Starting from the line with "bbq sauce, coleslaw, jackfruit, and" and going up to and including the line with "NBA FREE AGENCY: Jayson", copy the listing below exactly. Leave all images out.

**Data for processing:**
####

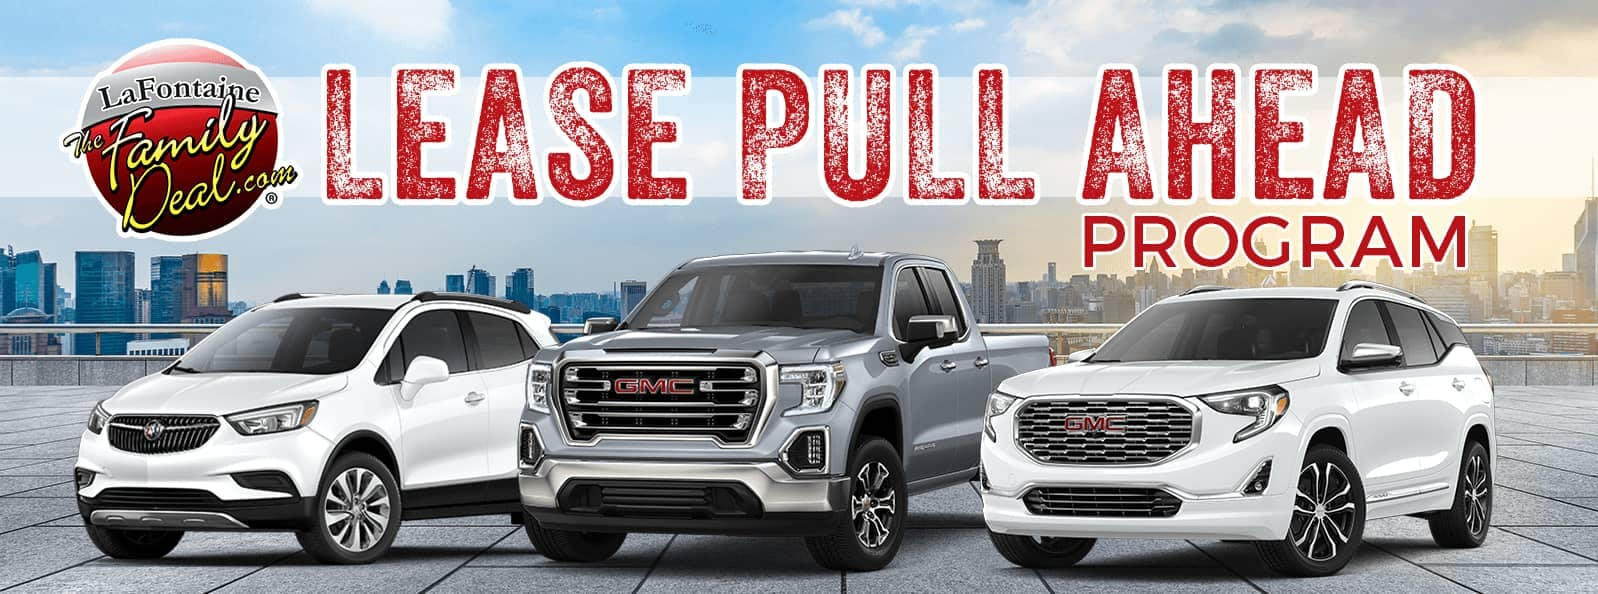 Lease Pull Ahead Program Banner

####

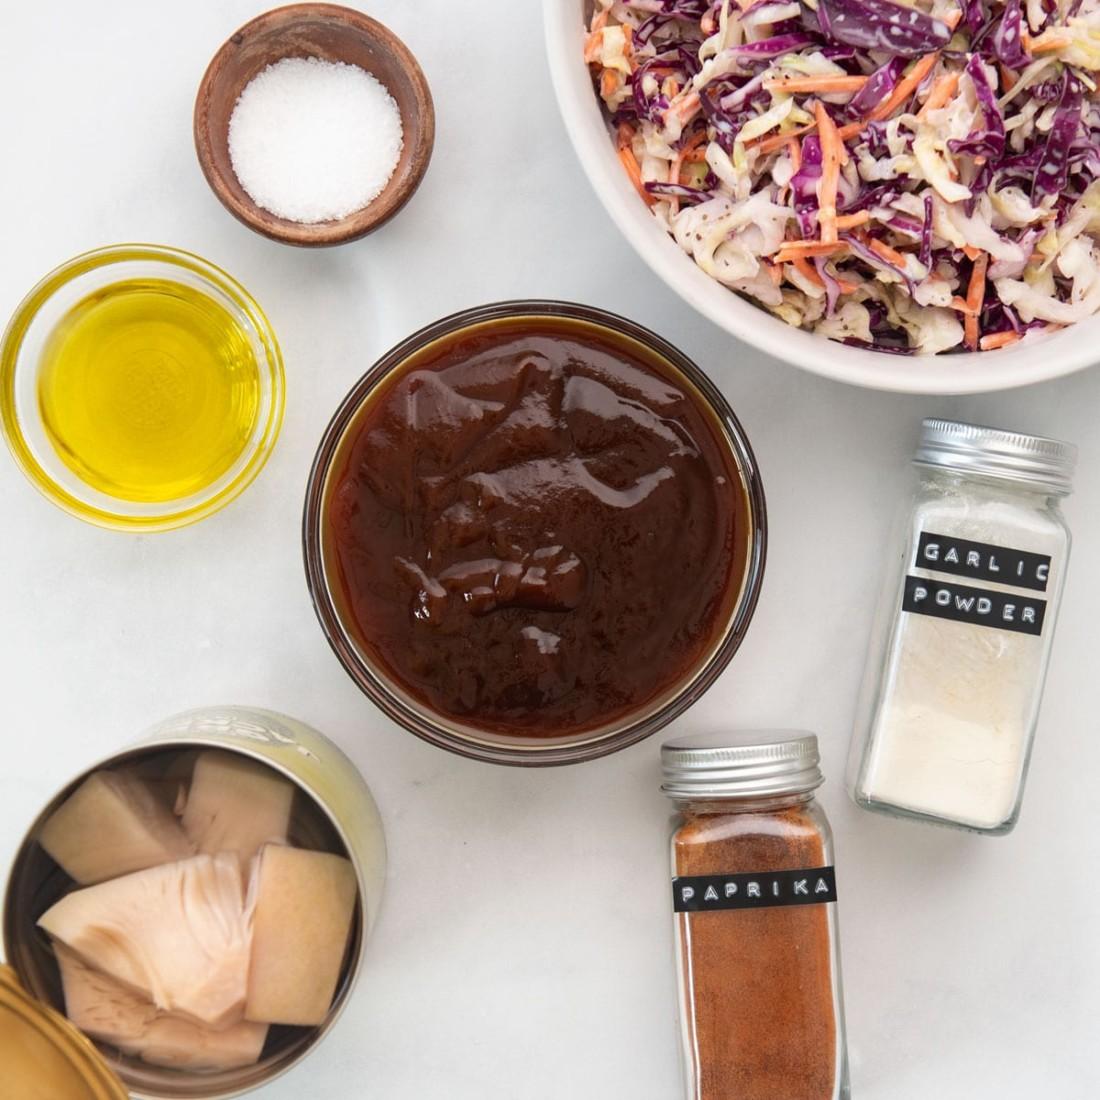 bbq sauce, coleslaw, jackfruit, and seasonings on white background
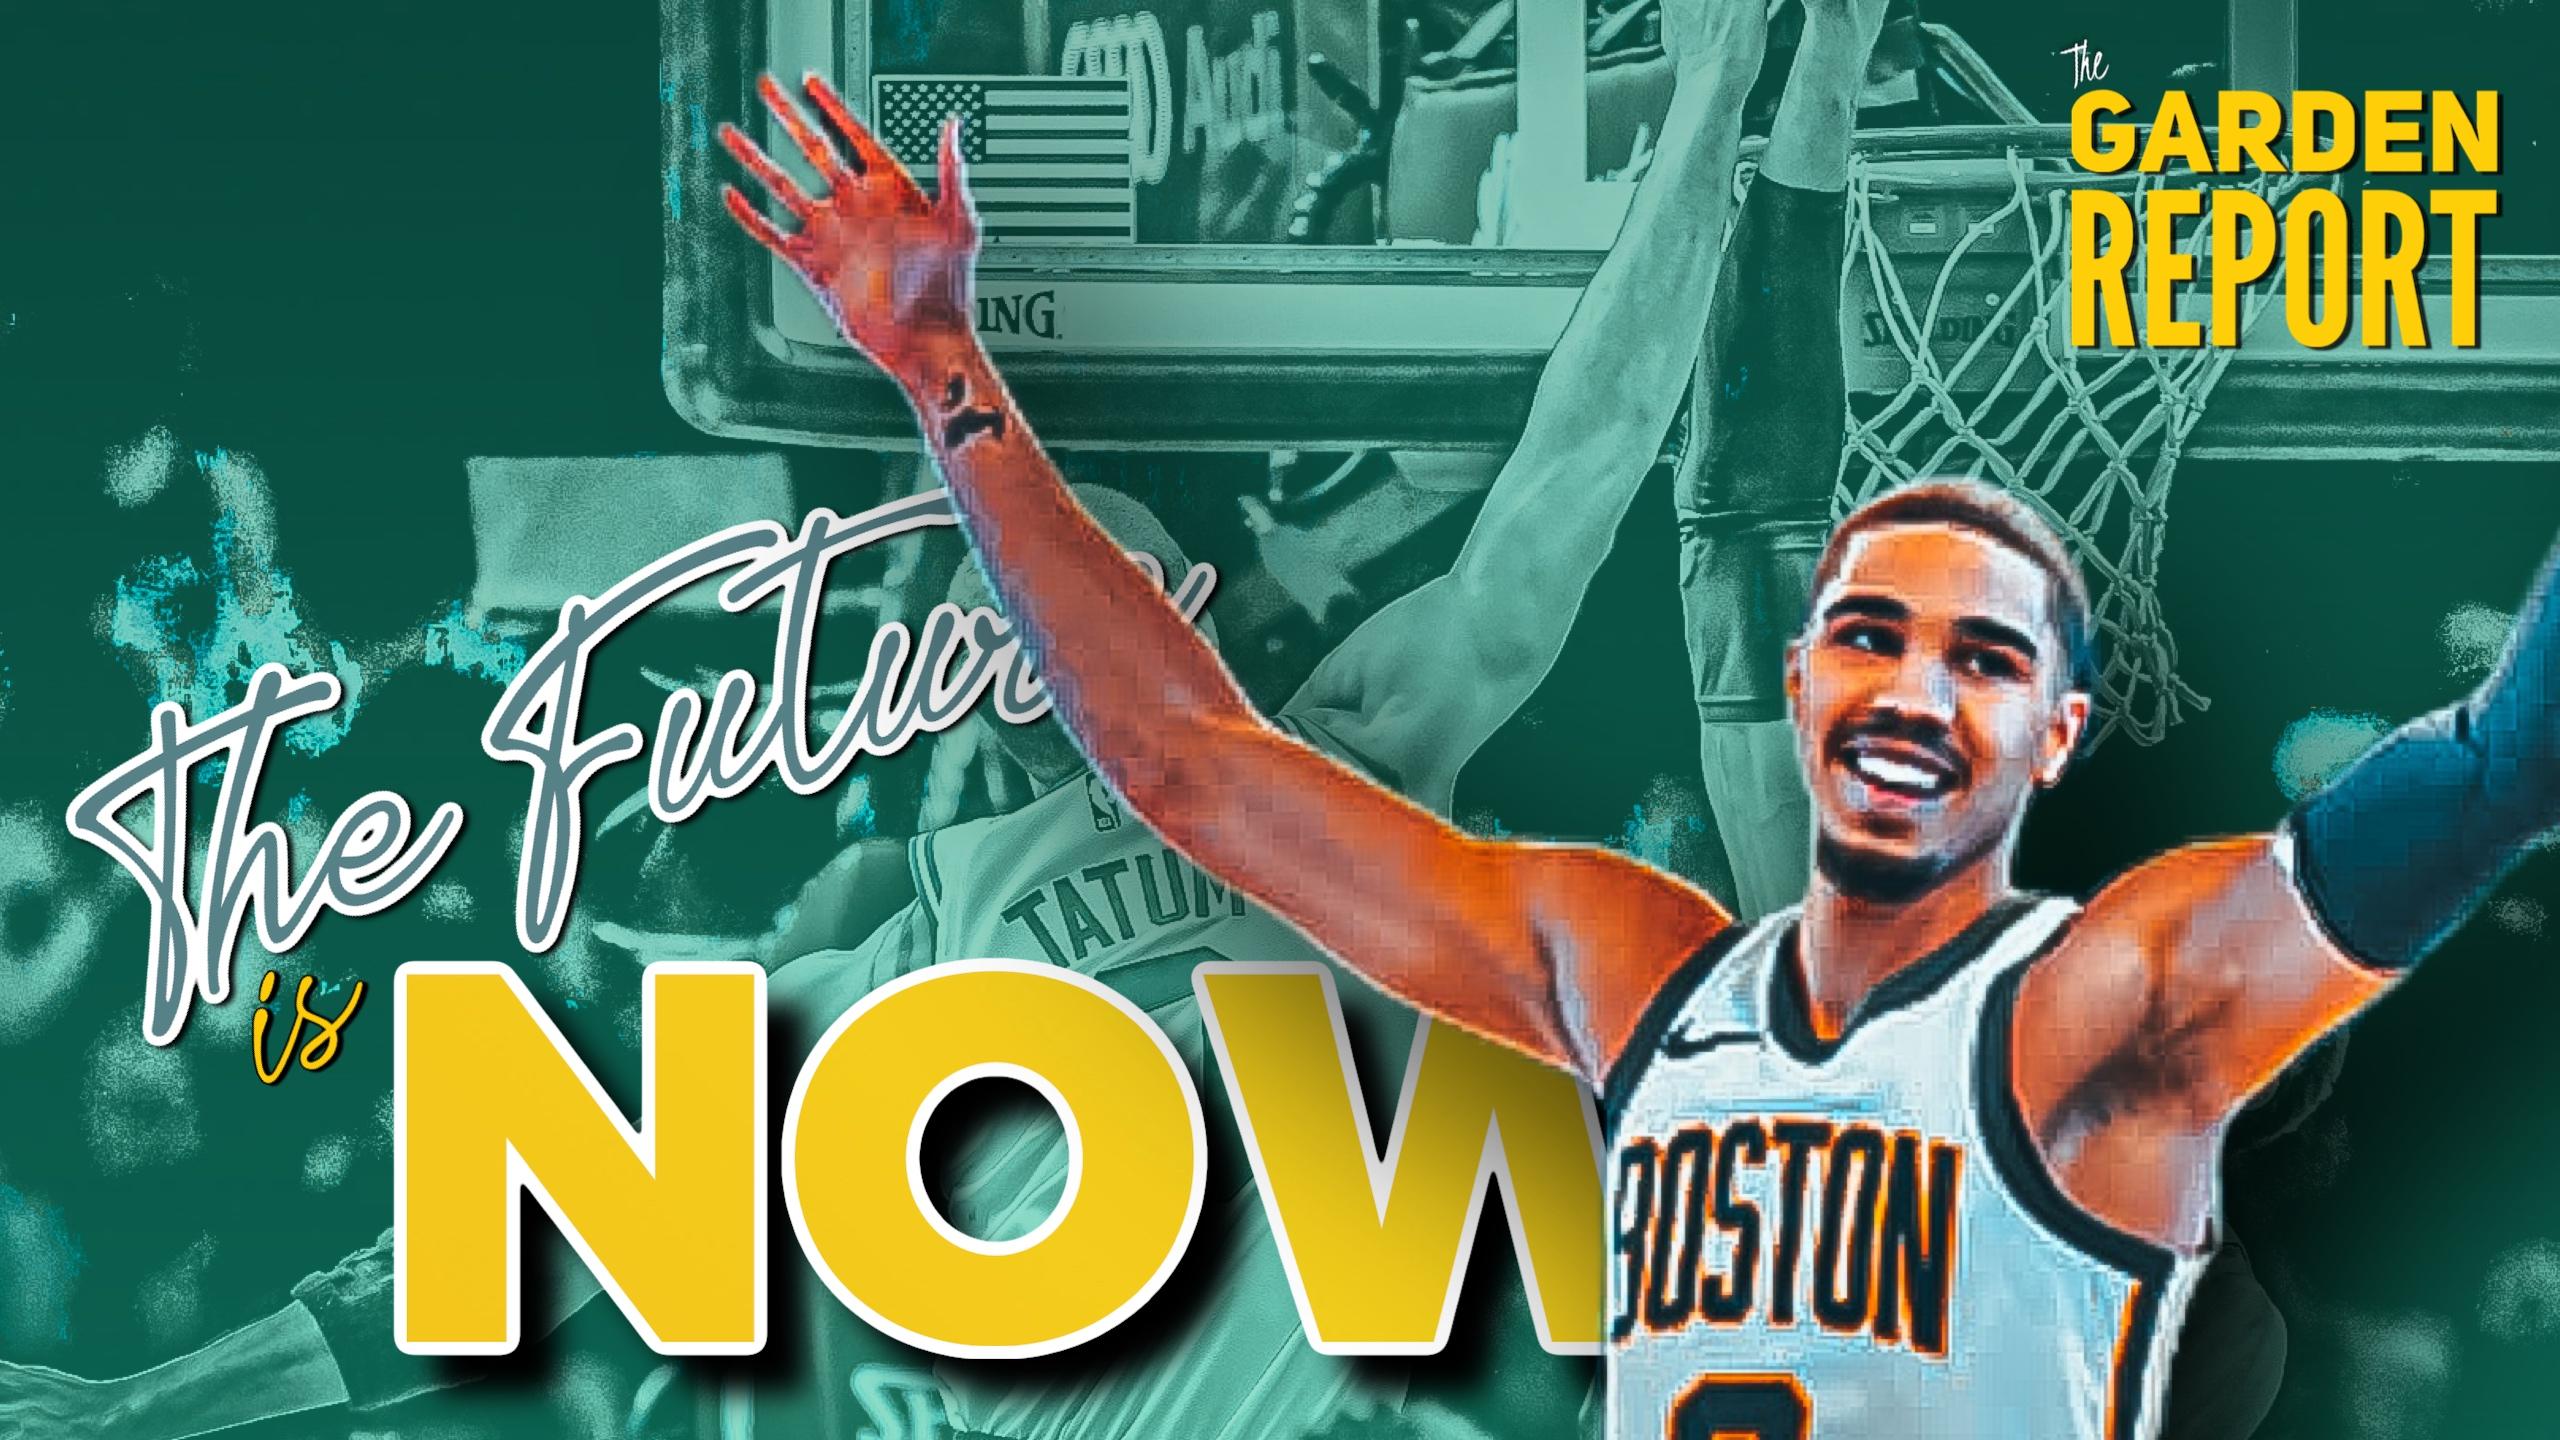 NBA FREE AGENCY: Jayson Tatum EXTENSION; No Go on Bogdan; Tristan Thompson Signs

####

**Exercise output:**
 bbq sauce, coleslaw, jackfruit, and seasonings on white background
 NBA FREE AGENCY: Jayson Tatum EXTENSION; No Go on Bogdan; Tristan Thompson Signs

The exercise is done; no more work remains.